'''

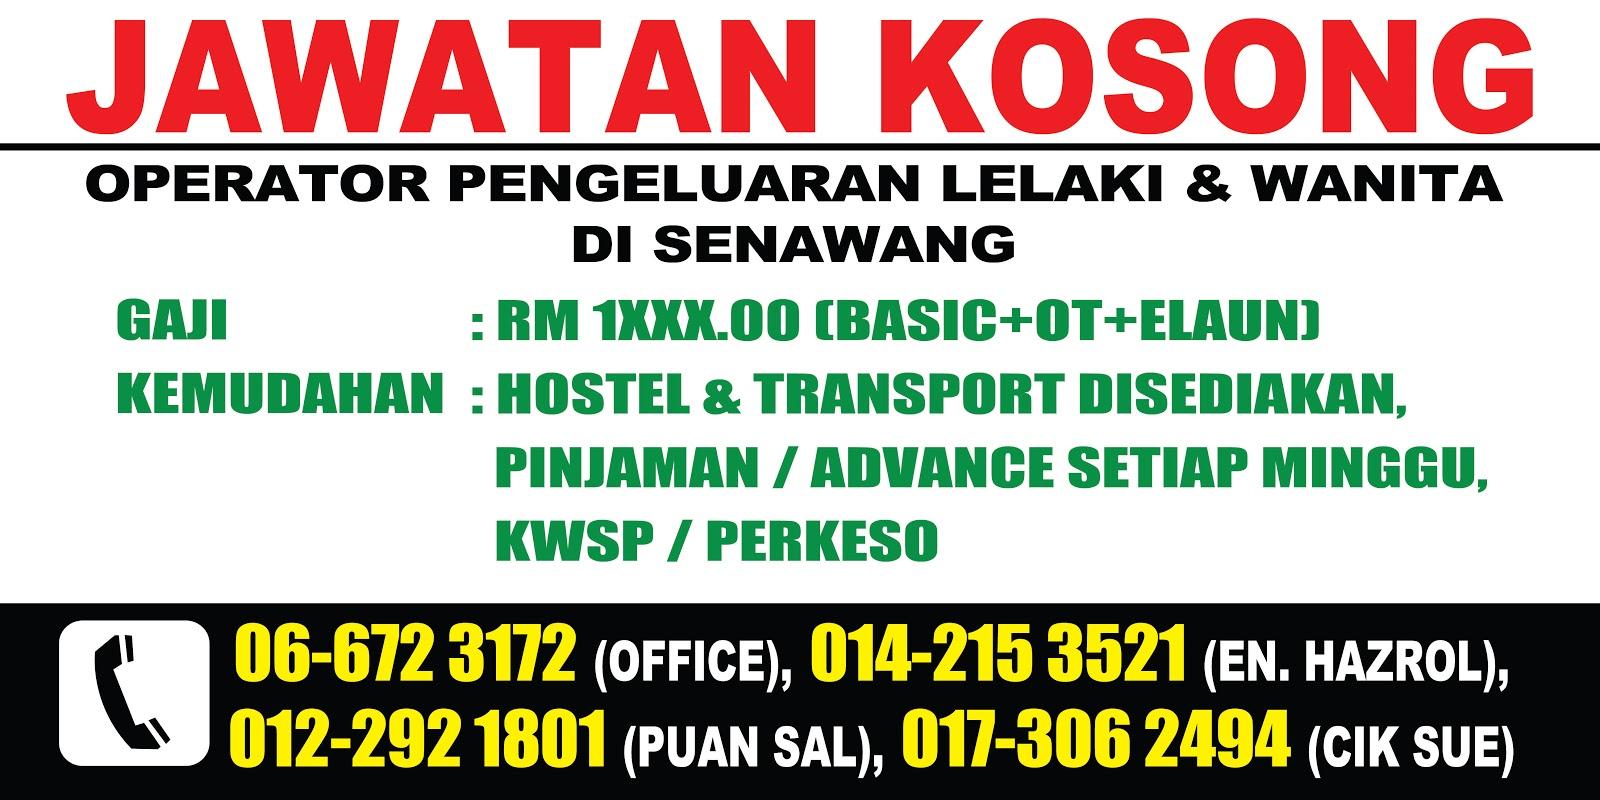 Terbuka Kepada Semua Warga Malaysia
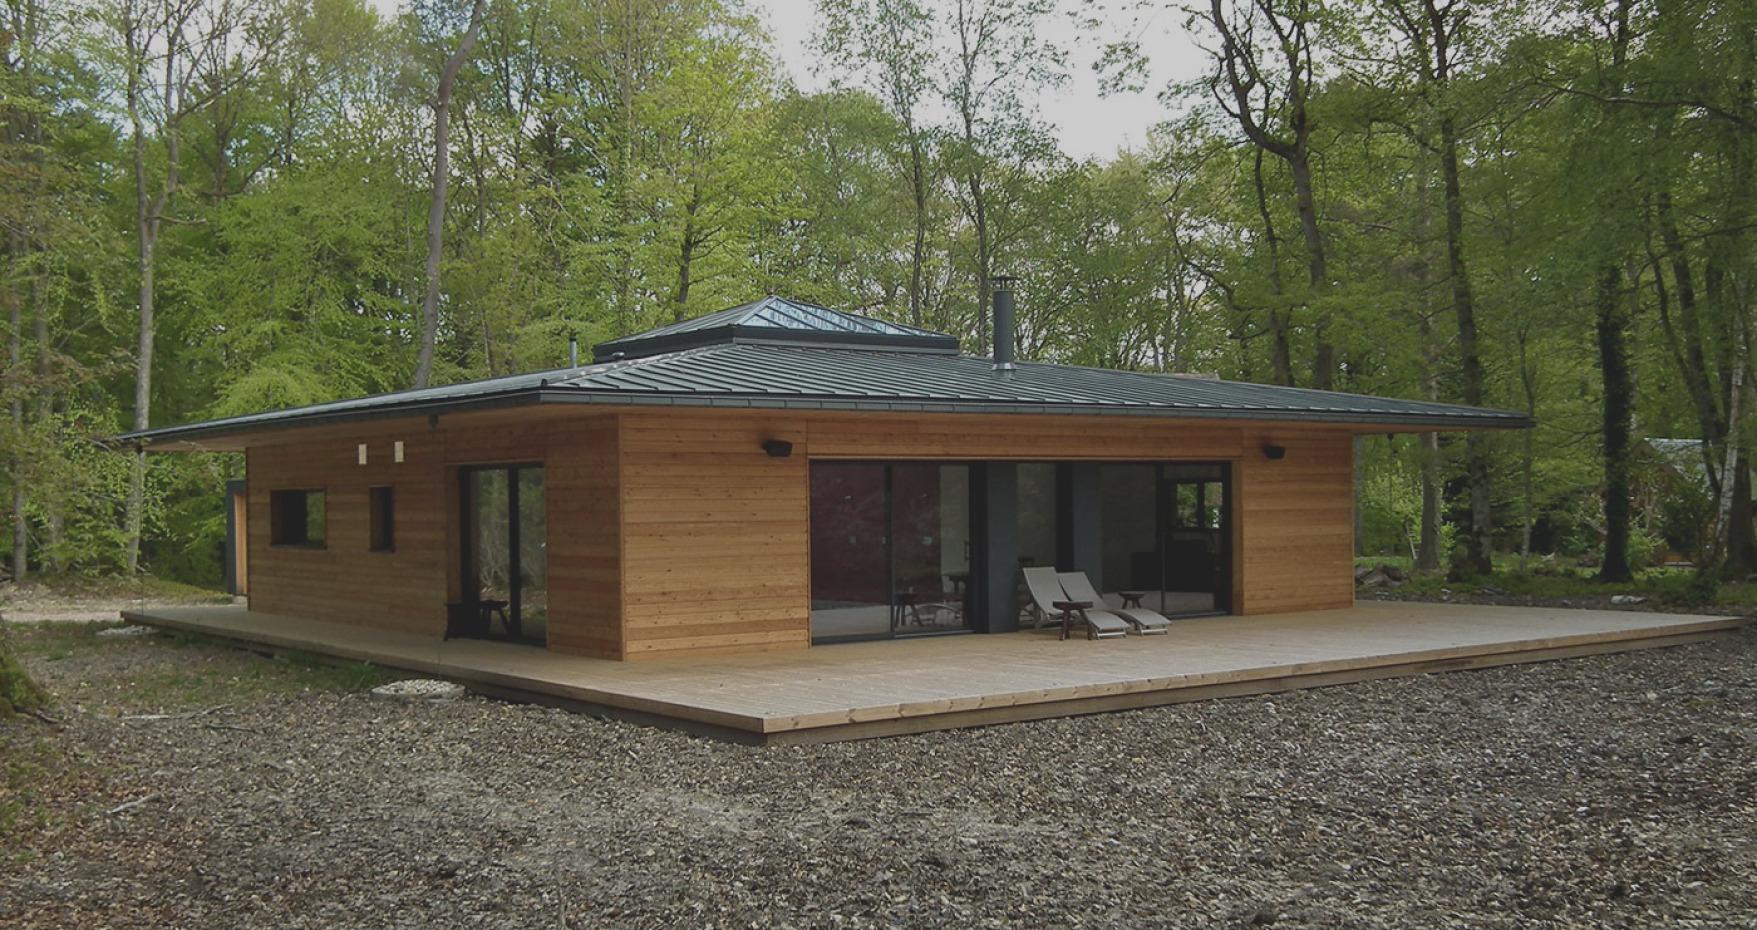 Maison En Bois En Kit 70M2 - Le Meilleur Des Maisons Bois En ... pour Cabane Habitable En Kit
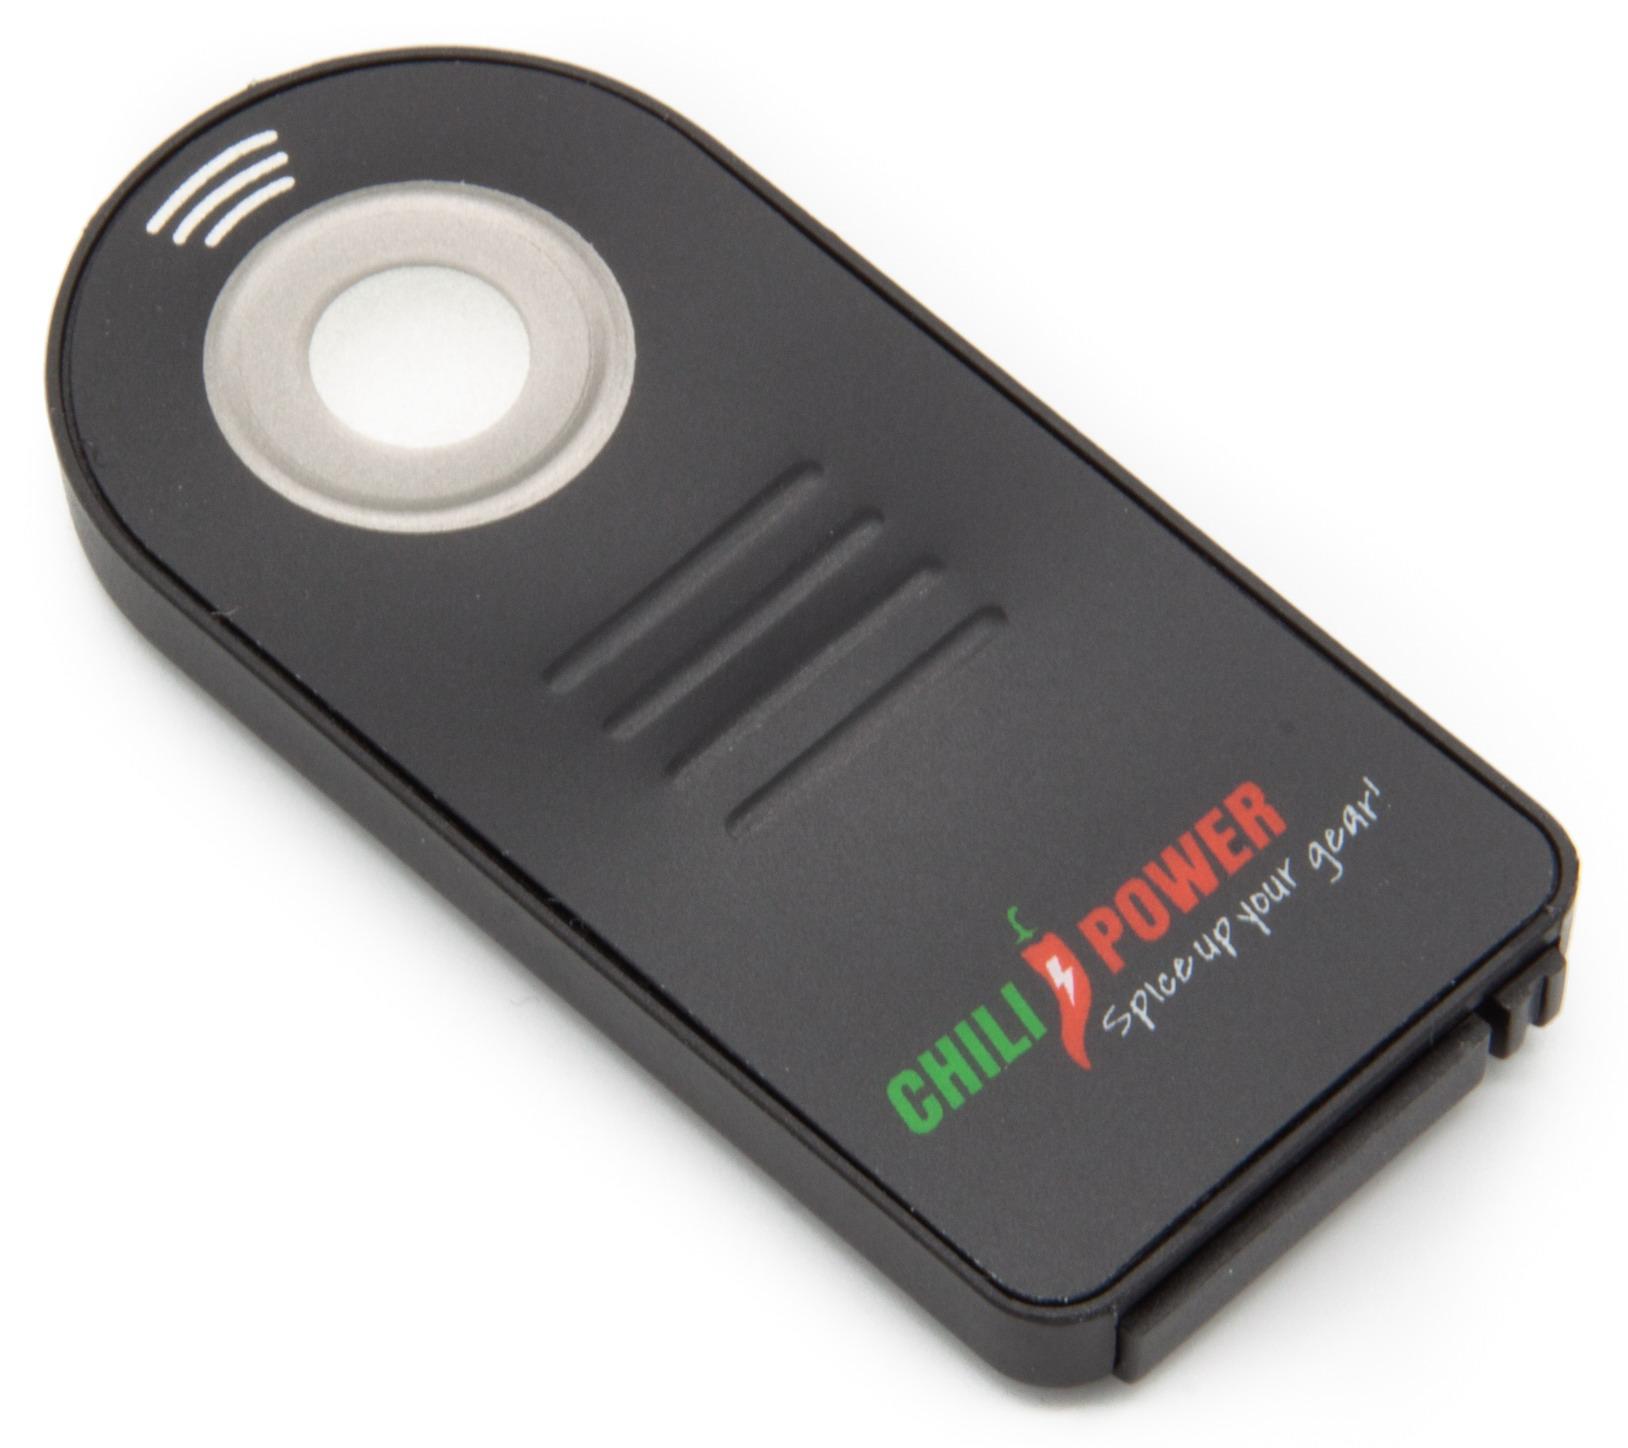 ChiliPower Draadloze afstandsbediening voor vele Nikon camera's

'''

§ **What the task asks**
The material above must be reproduced line for line, with the images omitted.

§ **Answer to this exercise**
 Terbuka Kepada Semua Warga Malaysia
 Maison En Bois En Kit 70M2 - Le Meilleur Des Maisons Bois En ... pour Cabane Habitable En Kit
 ChiliPower Draadloze afstandsbediening voor vele Nikon camera's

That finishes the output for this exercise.